:: Try it ::
In the entries below, begin at the line with "Mannol - 9930 Diesel Ester Additive" and stop after the line with "Tom Ford FT0710"; output those lines exactly and omit the pictures.

╭─ Records for this exercise

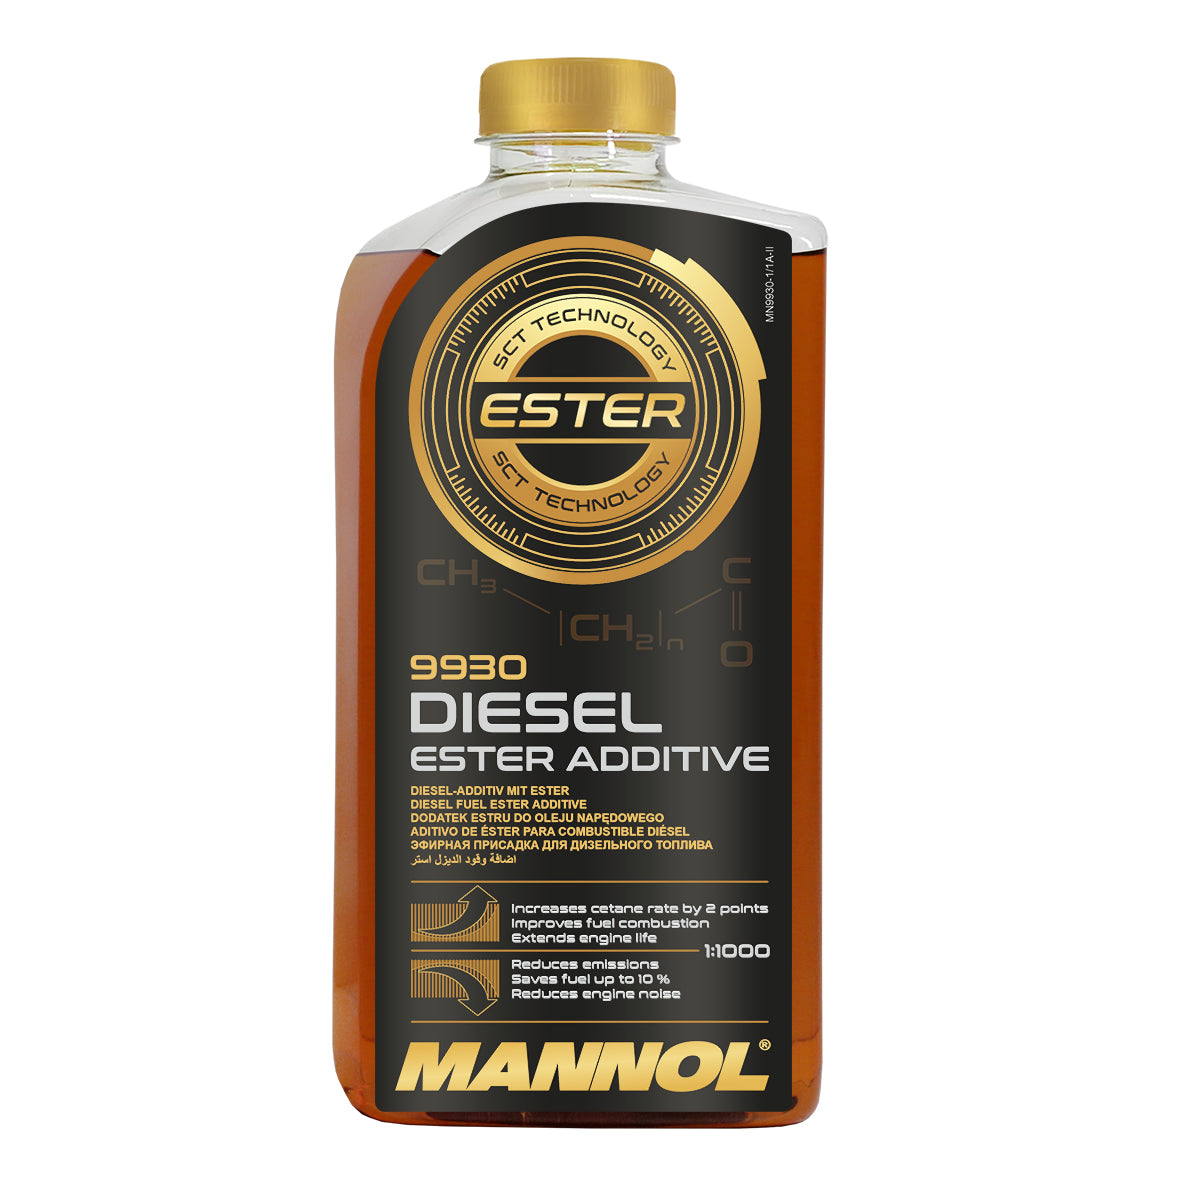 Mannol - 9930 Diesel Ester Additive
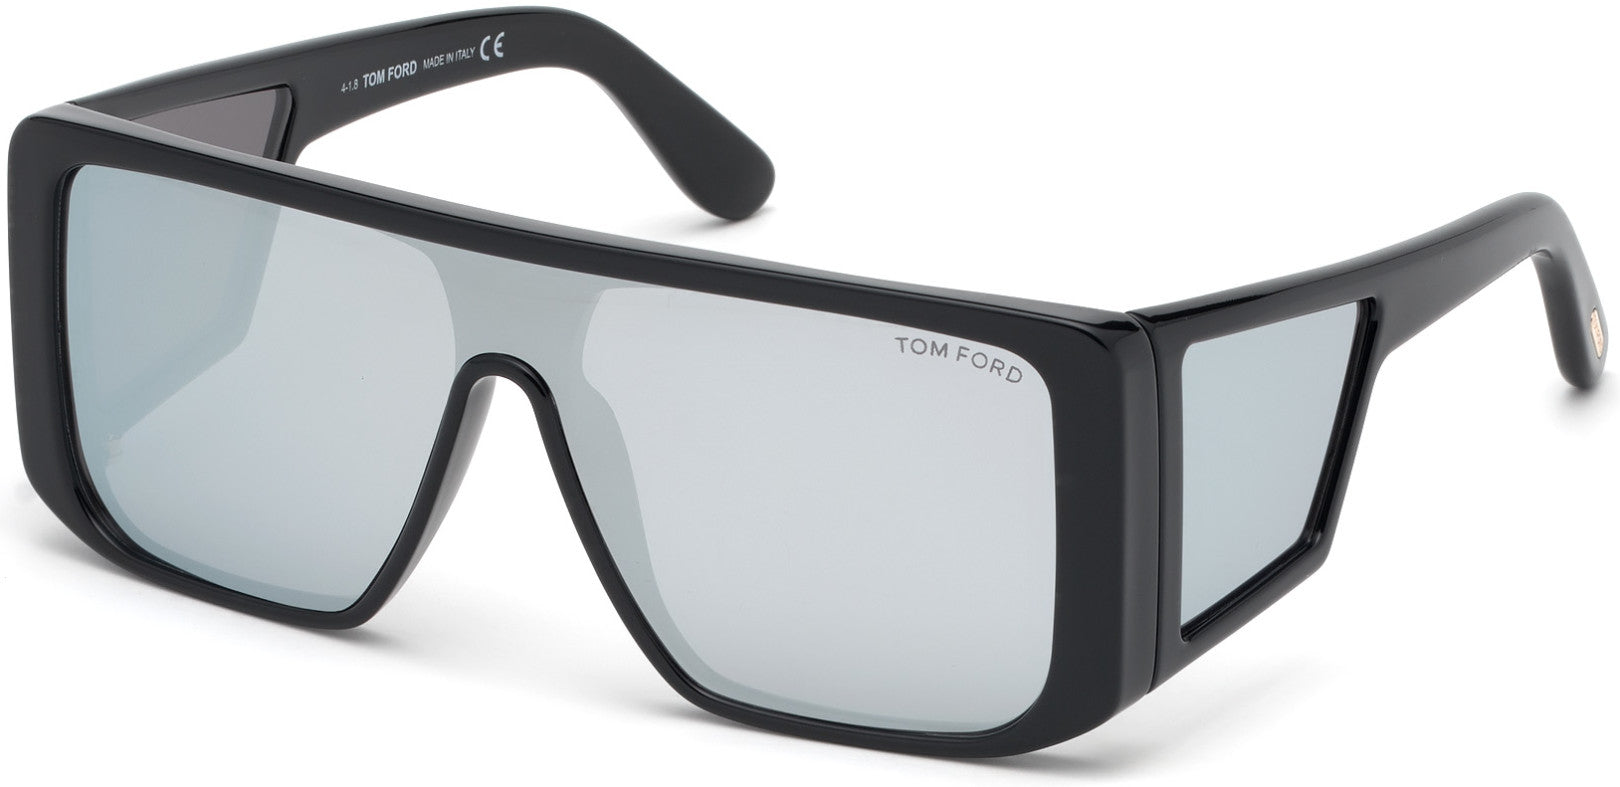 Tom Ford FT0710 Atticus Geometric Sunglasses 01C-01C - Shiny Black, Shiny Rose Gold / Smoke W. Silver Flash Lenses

╰─
╭─ Records for this exercise

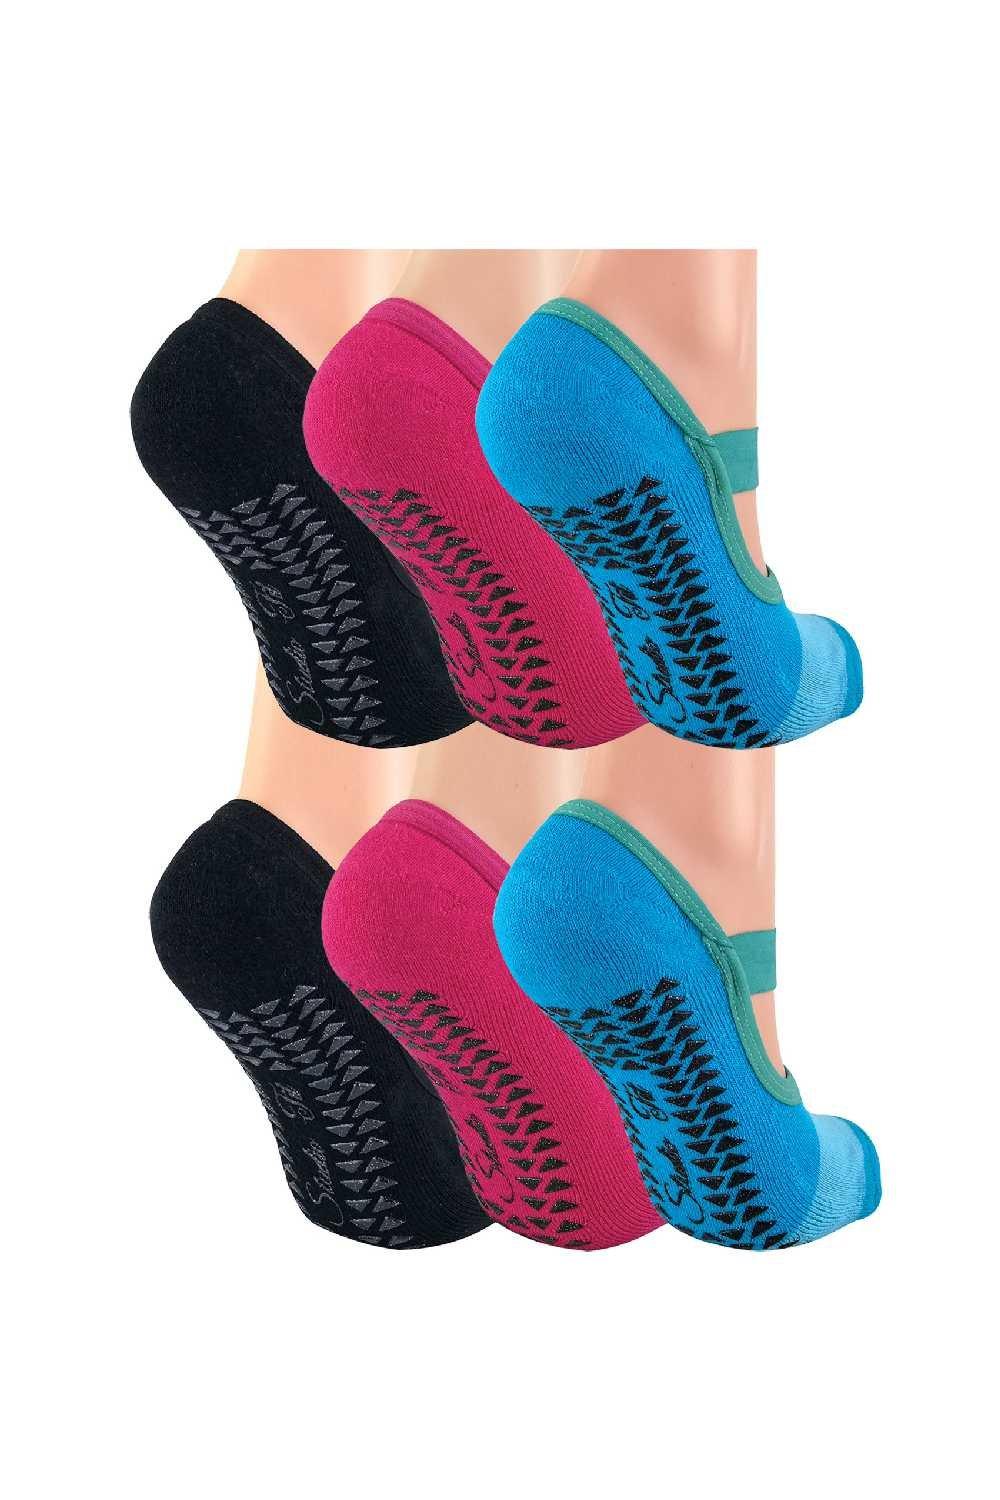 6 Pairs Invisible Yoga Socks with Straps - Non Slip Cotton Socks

╰─
╭─ Records for this exercise

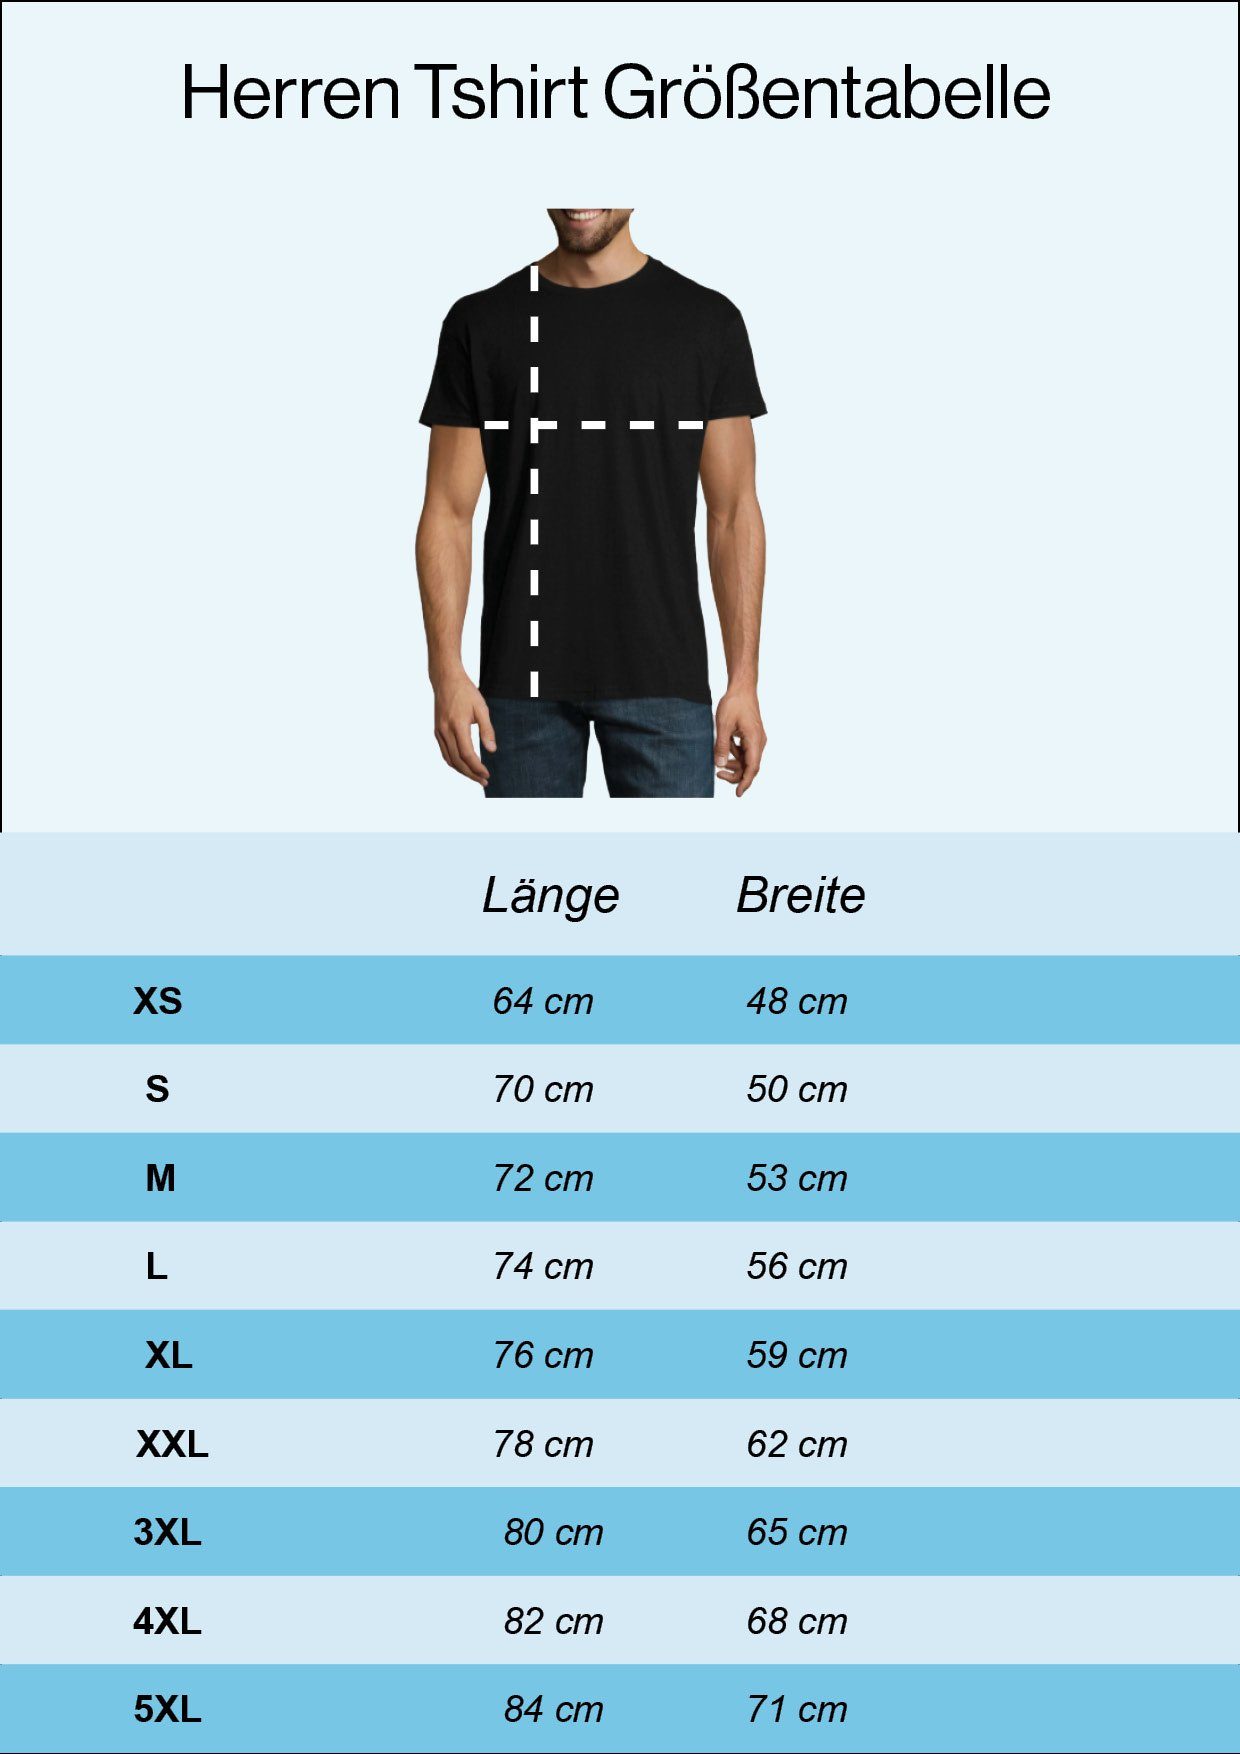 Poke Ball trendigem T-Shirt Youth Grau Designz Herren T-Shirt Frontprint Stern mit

╰─

:: Answer for the task ::
 Mannol - 9930 Diesel Ester Additive
 Tom Ford FT0710 Atticus Geometric Sunglasses 01C-01C - Shiny Black, Shiny Rose Gold / Smoke W. Silver Flash Lenses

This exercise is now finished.